Findings: Data viz outside psych sci

Published

January 22, 2025

Modified

January 22, 2025

About

This page extracts information about the data visualizations we explored in Exercise-02 from the shared Google Sheet.

Survey

Direct link: <https://docs.google.com/spreadsheets/d/1rLiLBRbDQfInauOUBPNwGYq-0VOjskGNY7Wq2QRTTbc/edit?gid=0#gid=0

Preparation

First, we load the external packages (groups of R commands) that we will be using.

Important

The code uses the quietly() function from the purrr package to suppress most of the feedback.

Code
library('ggplot2')
library('dplyr')

r_functions <- list.files(file.path(here::here(), "src", "R"), "\\.R$", full.names = TRUE)

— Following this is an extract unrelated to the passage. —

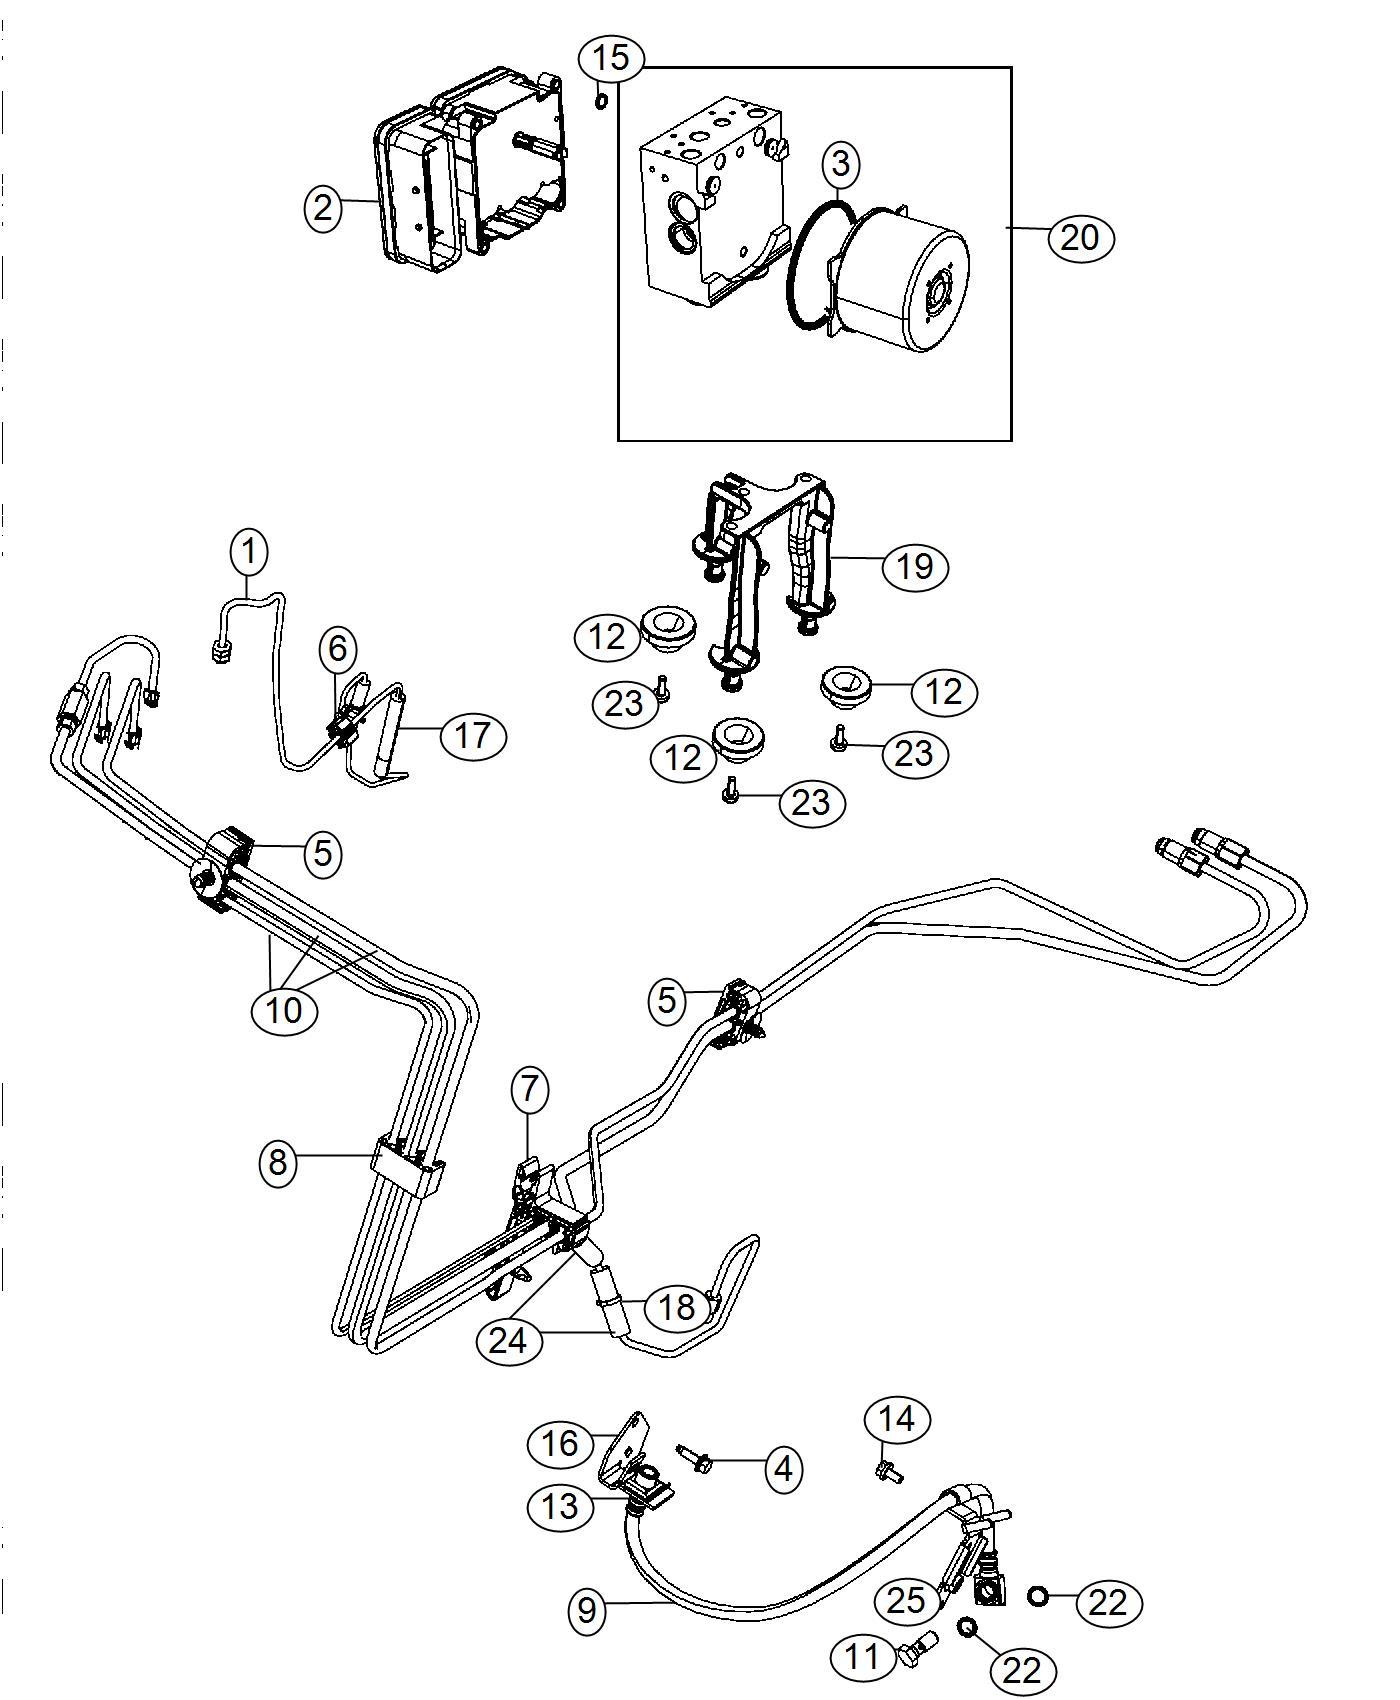 2017 Dodge Challenger Module. Anti-lock brake system

purrr::map(r_functions, source) |>
  purrr::quietly()
function (...) 
capture_output(.f(...))
<bytecode: 0x12d0a4840>
<environment: 0x12d0a4568>

Gathering

Next, we download the data from the Google Sheet where it is collected. Dr. Gilmore has stored his Google account credentials in a special environment file that can be accessed by the R command Sys.getenv("GMAIL_SURVEY").

Tip

It’s vital to be very careful when creating and sharing code like this that involves sensitive information like login credentials.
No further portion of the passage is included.